- **Task prompt**
Could you copy exactly the lines below, beginning at the line with "Power Deathclaw at" and stopping after the line with "Ukrainian soldiers prepare", with no pictures?

- **Supplied records**
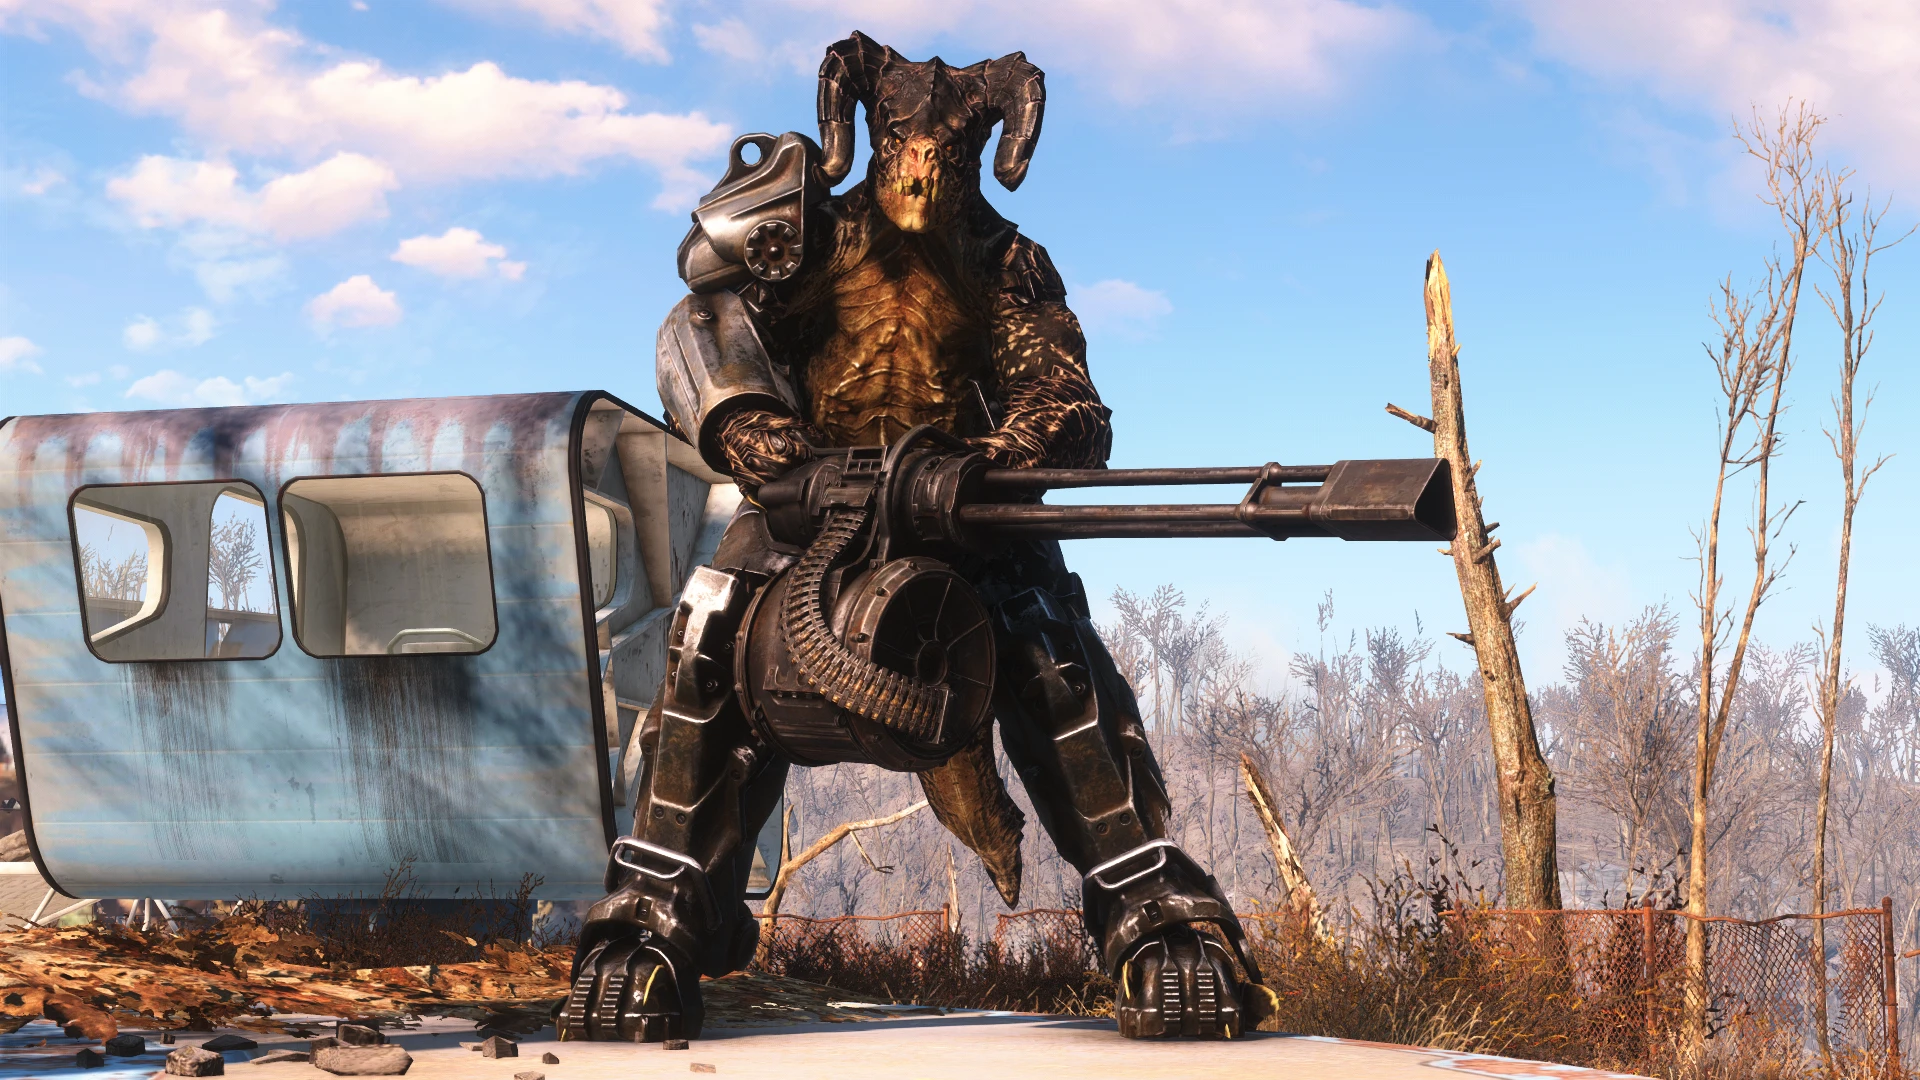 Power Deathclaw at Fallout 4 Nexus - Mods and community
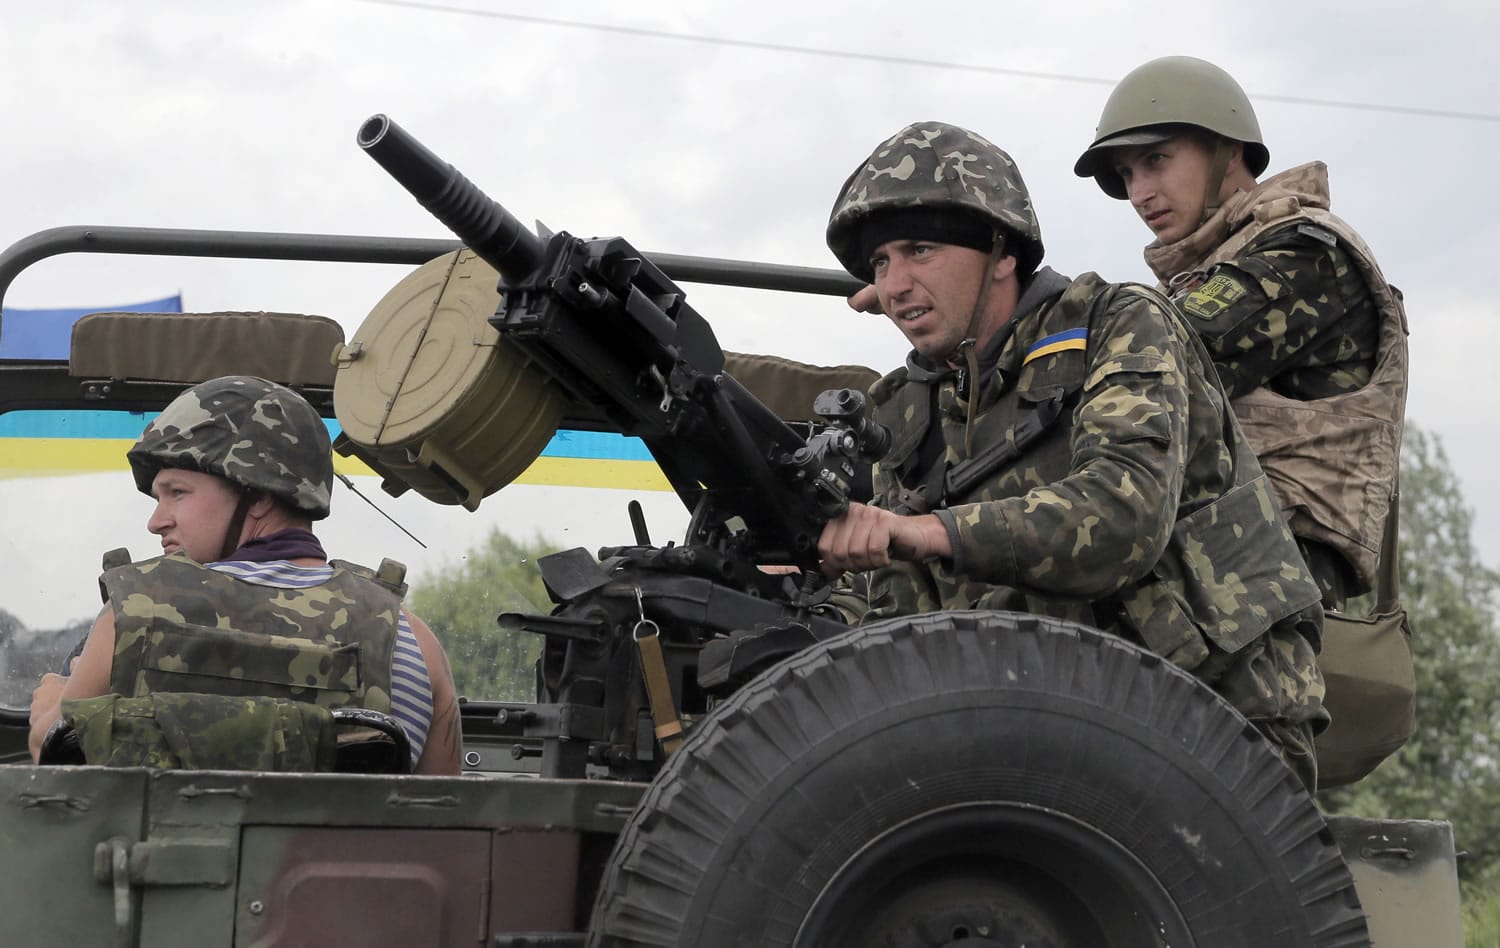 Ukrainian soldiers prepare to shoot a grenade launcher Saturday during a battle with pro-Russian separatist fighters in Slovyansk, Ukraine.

---

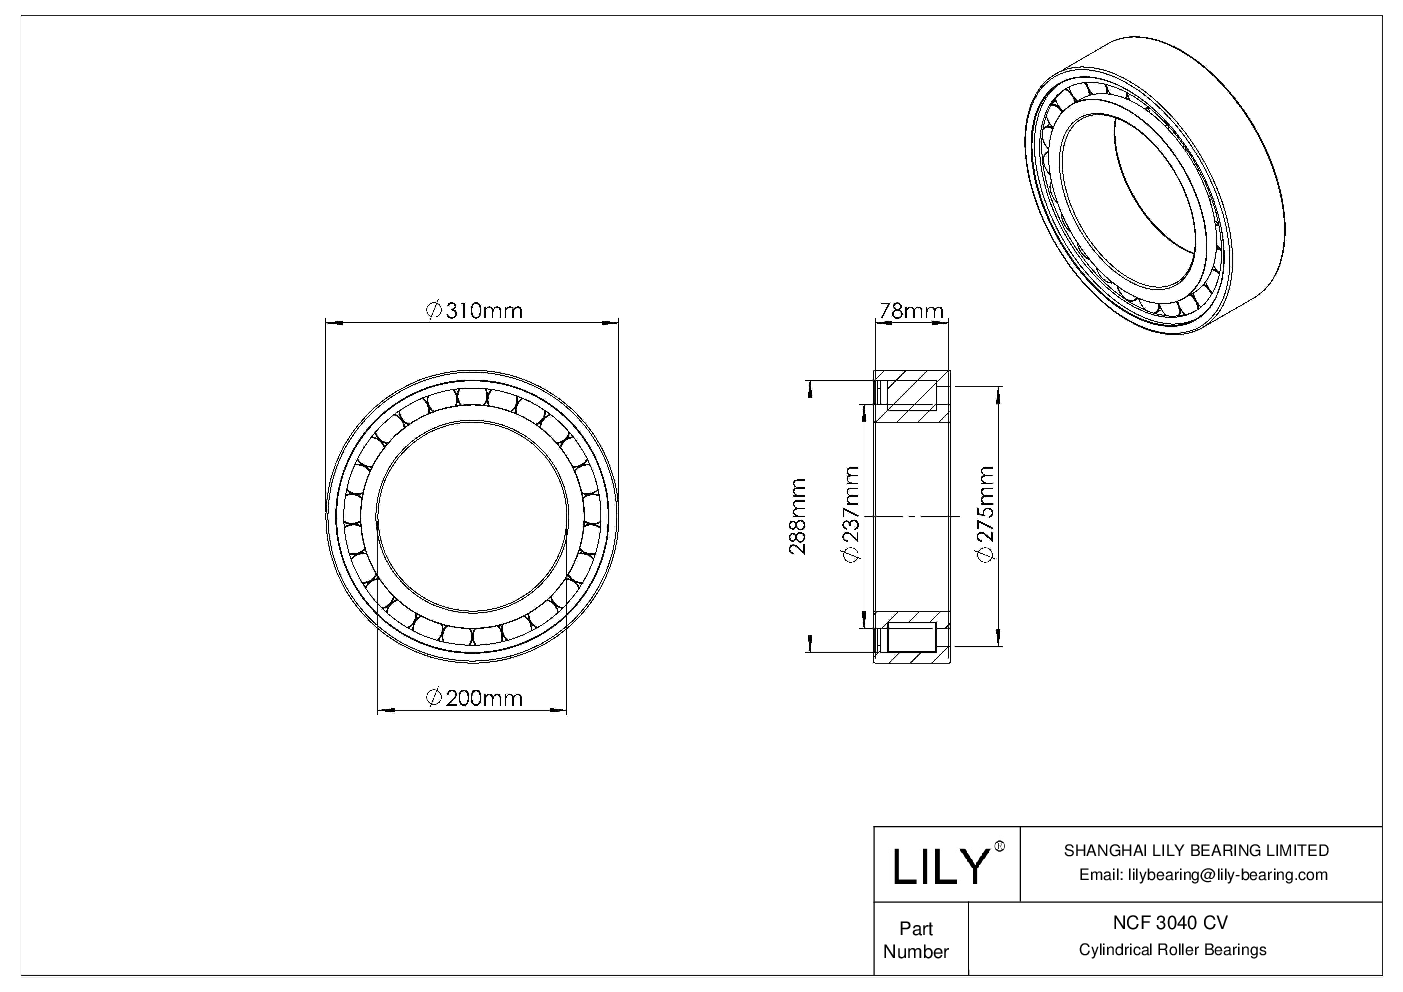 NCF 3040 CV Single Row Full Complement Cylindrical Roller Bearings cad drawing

- **Task response**
 Power Deathclaw at Fallout 4 Nexus - Mods and community
 Ukrainian soldiers prepare to shoot a grenade launcher Saturday during a battle with pro-Russian separatist fighters in Slovyansk, Ukraine.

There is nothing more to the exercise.